Do concussions have long-term side effects?
There has been a lot of coverage in the media about the connection between repeated concussions and long-term health consequences, particularly for athletes. It’s enough to make some parents want to pull their children from school sports teams.
How concerned should you be?
Do concussions have long-term consequences?
Jeffrey English, M.D., a neurologist at Piedmont, says for most people (that is, non-professional athletes), there is no scientific evidence that a simple concussion has long-term side effects. The caveat: The brain must be allowed to fully heal before a person risks a subsequent concussion.
“The best we can tell, for people who are not professional athletes, is that 80 to 85 percent will recover within two to three weeks and there are no known long-term health consequences,” he says. “People who have had a concussion, which is a mild traumatic brain injury, need to make sure their brain is completely healed before it is potentially reinjured, such as during a sporting event. For patients with a more complicated recovery – with persistent post-concussive symptoms – we have to be more cautious.”
Athletes who return to play without allowing their brain to heal first may be setting themselves up for serious long-term consequences.
“There is evidence that if you have another brain injury when you haven’t recovered from a concussion, the recovery can be very prolonged and possibly result in long-term deficits,” he says.
An injury of this nature can impact memory, balance, sleep and mood. It can also result in chronic headaches.
What is a concussion?
A concussion is a mild traumatic brain injury. In the skull, the brain is surrounded by cerebral spinal fluid, which absorbs shock during minor impact. A concussion can occur if the brain moves too rapidly inside the skull. It can be sustained during head trauma from contact sports, a fall, a car accident or a violent encounter.
If someone exhibits the following symptoms after sustaining a head injury, he or she should be examined by a physician immediately:
Temporary loss of consciousness
Headache or pressure in the head
Amnesia regarding the injury
When to see a doctor?
All head injuries should be taken seriously.
“If someone has acute neurological symptoms like loss of consciousness, vomiting or seizures after a head trauma, he or she needs to see a doctor in the emergency room,” says Dr. English.
When to return to normal activity
“We have strict protocol for releasing a patient to resume normal activities,” says Dr. English. “They must be back to school or work, and be asymptomatic at rest before they can resume physical activity.
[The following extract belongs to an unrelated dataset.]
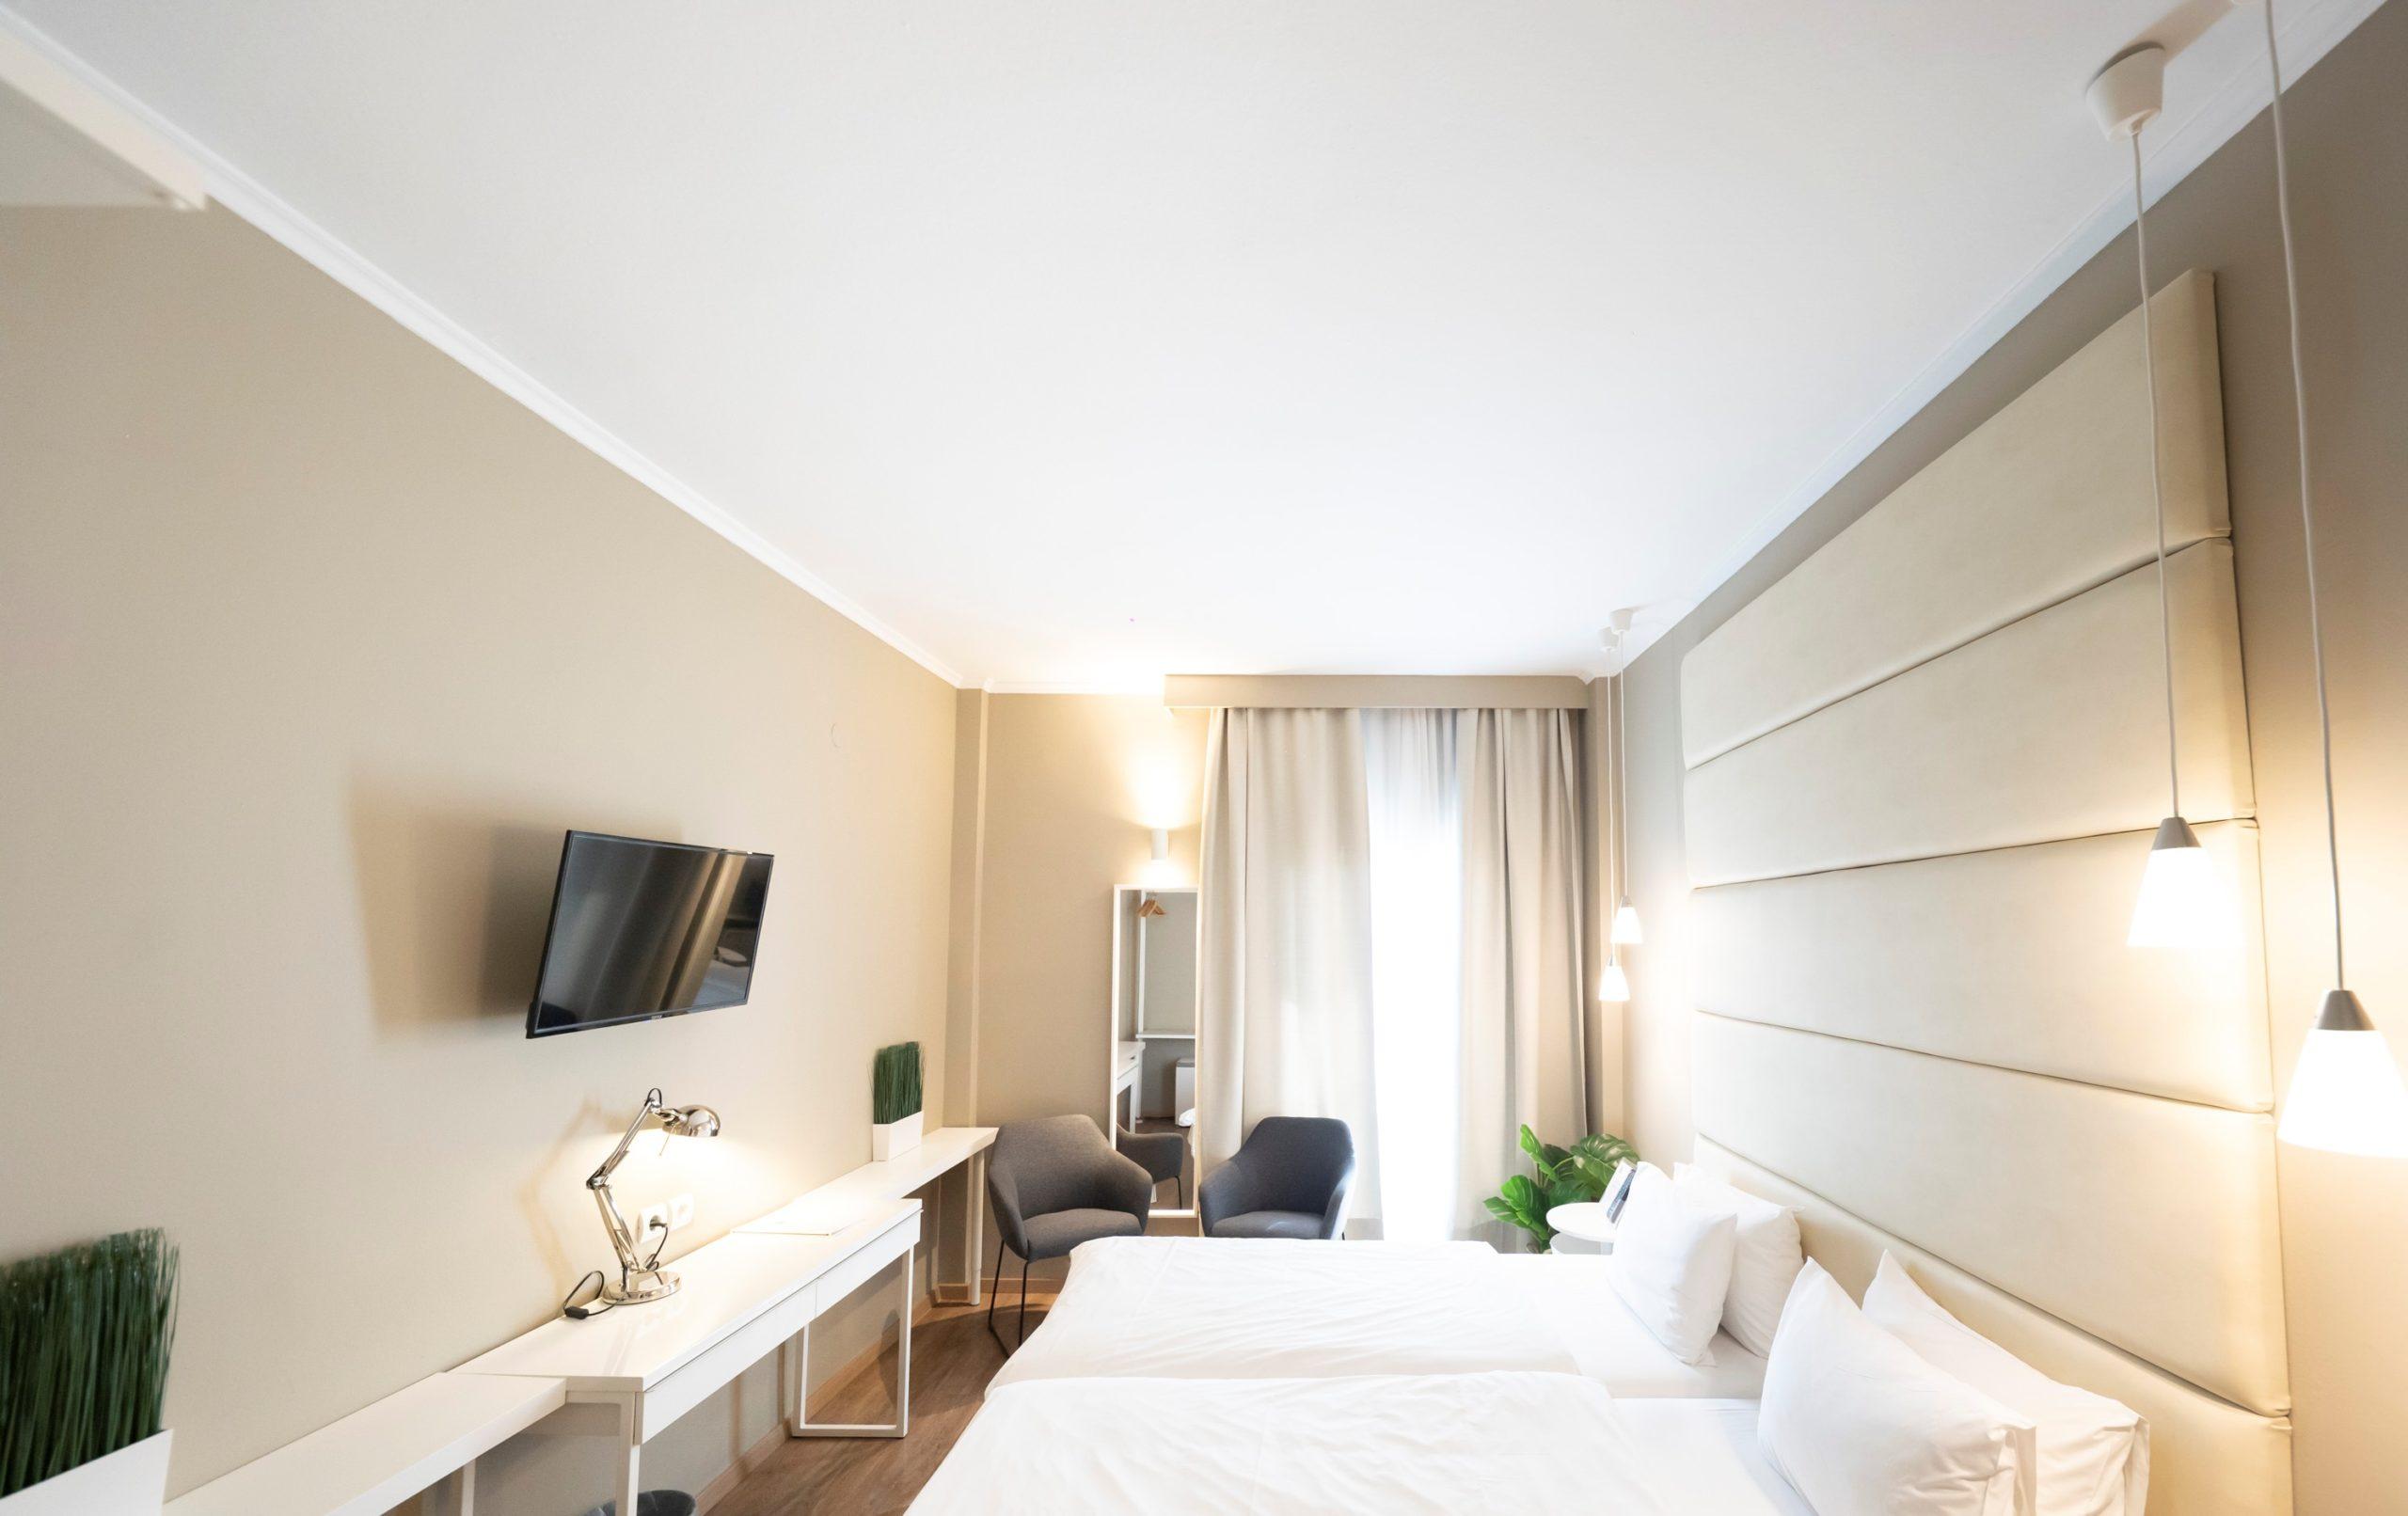 http://hotels%20in%20thessaloniki%20|%20abc%20Hotel%20|%20Thessaloniki%20Greece

Prior to being released to full activity, they need to first follow at five-step progressive physical exertion plan [from their physician].”
“The most worrisome thing for young athletes is second impact syndrome,” he says. “Although rare, a patient can die from another concussion before the brain is able to recover.”
He encourages coaches and players to watch for signs of a concussion on the field.
If a player exhibits prolonged confusion, appears dazed, experiences loss of consciousness, runs the wrong play or has a slowed reaction time, he or she should be removed from the activity and examined by a medical professional specializing in concussions. He or she should not return to physical activity until released by a professional.
The most critical time after sustaining a concussion is the first few days. The injured patient should rest, as cognitive demands can worsen symptoms or delay recovery. He or she should avoid technology use, loud noises, bright lights, as well as social and physical activity for the first few days.
That said, Dr. English says parents shouldn’t be overly concerned about their children safely participating in contact sports.
He recommends learning concussion signs and symptoms, undergoing baseline neurocognitive and vestibular testing if you are an athlete or very active individual, and, if you sustain a minor concussion, seeing a physician who can refer you to a concussion specialist if needed.
“Sports are amazing growth opportunities for children and young adults. We want them to keep playing, but play safely.”